An appreciation of the ethical principle of respect for autonomy is helpful in meeting the legal requirement of obtaining informed consent. When the physician wants to be reasonably certain (whatever standard) that the patient knows and understands the risks, benefits, and alternatives to a proposed procedure and understands that the patient cannot exercise her autonomy without that knowledge, the requirements for informed consent become clear.

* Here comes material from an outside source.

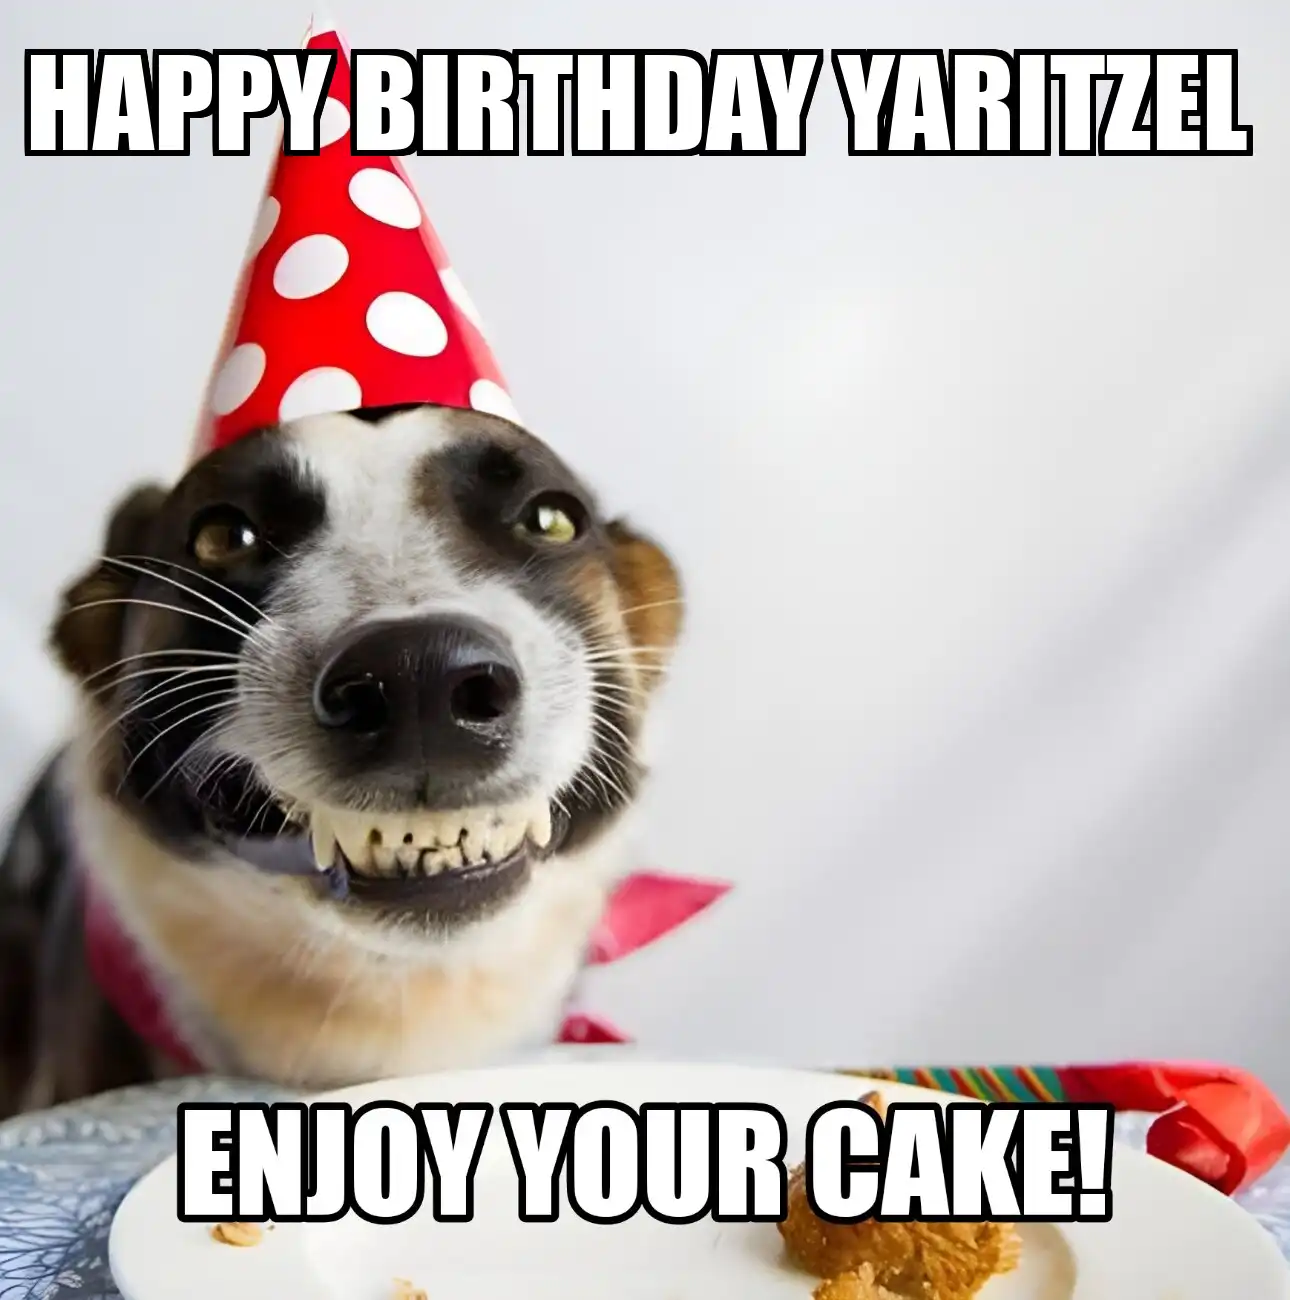 Happy Birthday Yaritzel Enjoy Your Cake Dog Meme

If the patient lacks capacity (and depending on state law this can include being a minor) to give consent then the physician cannot act, except in an emergency, and must obtain consent from a legally authorized third party or substitute decision maker (32). Who can be a substitute decision maker will depend on the law of the jurisdiction in which the procedure is to be done. Ways in which it can be done include by state statute authorizing a person (generally on the basis of relationship) to be the decision maker, through proxy advance directives and by medical or durable powers of attorney. The substitute decision maker is not free to apply his or her values to health care decision making for the incapable patient. Any decision is first based on the patient’s known preferences (substitute judgment) and if they’re not known then on the patient’s best interests (what a reasonable person in that patient’s circumstances would decide) (3). Proxy advance directives and powers of attorney for substitute medical decision making are valid only if the legal requirements for their creation are met. If there is no statutory or other legal provision for a substitute decision maker then a court order is usually necessary to either authorize the procedure or to appoint a substitute decision maker.
Informed Consent and Negligence
Informed consent has nothing to do with whether or not the physician carrying out the medical procedure has met the required standard of care. An action for negligence in carrying out a medical procedure is separate and apart from an action for failure to obtain informed consent. The physician can carry out the procedure without negligence but could be found liable for damages if informed consent was not obtained.
Courts in the United States and Canada have been consistent in holding as a policy decision that the failure to obtain the informed part of informed consent is negligence, but not a battery. The same requirements that a patient must show in an action alleging negligence against a physician in carrying out a medical procedure are also required in an action alleging a physician failed to properly “inform” a patient (17,18) (Table 41-4).